Some of the advantages for hospitals that have inbound medical tourism are that medical tourists tend to pay commercial charges or higher for medical services, and that they tend to be more affluent than general patient populations.
Some of the most commonly known hospitals listed in the report are (Note: total patient visits include domestic and international patients): Texas Medical Center (around 5.5 million total patient visits); the University of Pittsburgh Medical Center (over 3 million total patient visits); Harvard Medicine (over 2 million total patient visits in the Boston location); John Hopkins Hospital (over half a million total patient visits); the Cleveland Clinic (over 3 million total patient visits); Cornell Medical School (around 2 million total patient visits); Duke University School of Medicine (almost 1.5 million total patient visits); Memorial Sloan-Kettrering Cancer Center (around half a million total patient visits); and the Mayo Clinic (only around 150,000 total patient visits).
According to the D&T report, several initiatives have been helpful in promoting clinical programs related to U.S. inbound medical tourism:
1) the establishment of international partnerships and the formation of international health care projects have increased awareness of the opportunities for foreign patients to travel the U.S. for care;
2) listing their services in international medical directories;
3) having foreign physicians and U.S. physicians training abroad (helps to increase the number of referrals to the U.S.); and
4) U.S. medical centers making an effort to serve embassy contacts and the relatives of ethnic groups within their own communities (to increase referrals among family members internationally).
Some Future Trends
Hospitals typically offer discounts on their gross charge rates for uninsured foreigners if they pay in advance. But currently, popular inbound patient venues are reporting that more of their foreign patients have insurance coverage than ever before (the Cleveland Clinic reports 90%, Mount Sinai says 60%, and Baptist Health International Center in Miami has about 70%).

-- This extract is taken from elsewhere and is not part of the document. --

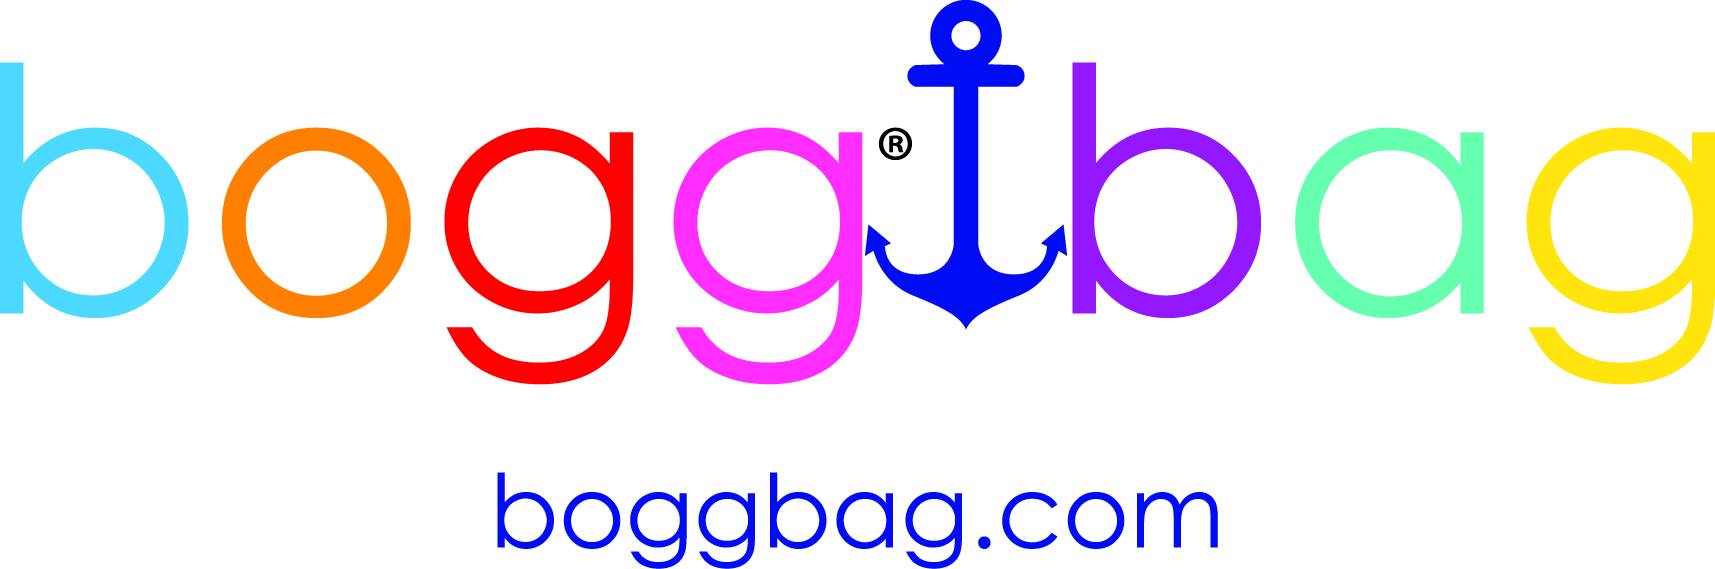 boggbag_logo

It is stated that “even wealthy people would rather pay an insurance premium than $500,000 in cash”. This will be a future trend with less international patients paying in cash and instead utilizing a more diverse slate of financing alternatives (including U.S. health insurance programs).
In addition, Complementary and Alternative Medicine (CAM), which is even more popular in some areas of the world than in the U.S. (all 18 hospitals named by U.S. News as “America’s Best Hospitals” provide some type of CAM services; and according to the American Hospital Association’s Annual Survey of Hospitals- 19.8% offered CAM in 2006), are expected to be integrated as part of the traditional procedures offered for these patients.

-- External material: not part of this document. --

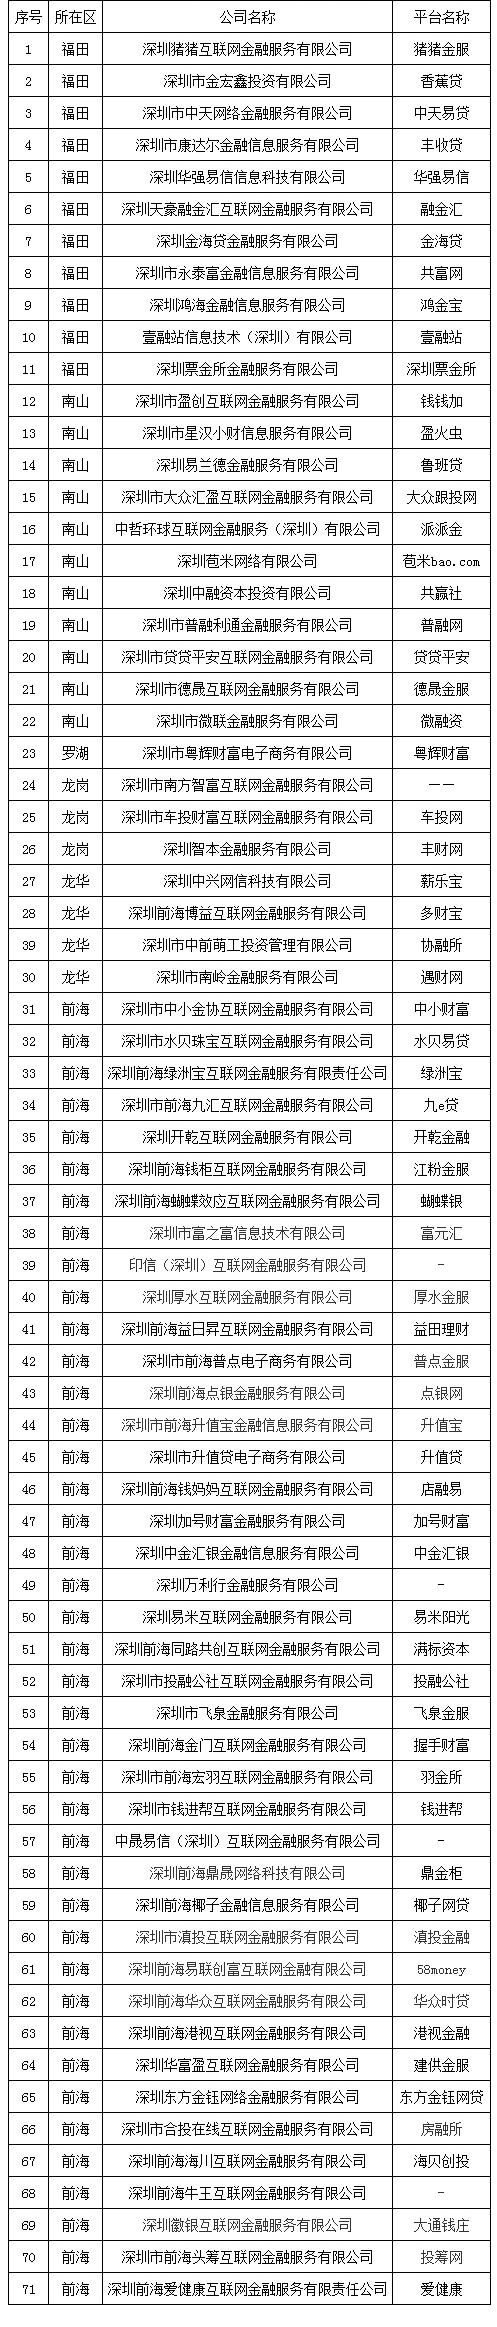 71家深圳网贷机构自愿退出，含多家国企及上市公司背景机构

Although initially, inbound medical tourism had been dominated by large teaching institutions (typically ones that enjoy positive national and/or international reputations). Expect that in the future, more non-teaching and for profit hospitals and clinics (retail clinics, a non-traditional competitor, have increased by almost four times in the last 2 years, from just 250 clinics in 2006 to close to 1,000 in 2008) will enter the market as the population of affluent people rises worldwide.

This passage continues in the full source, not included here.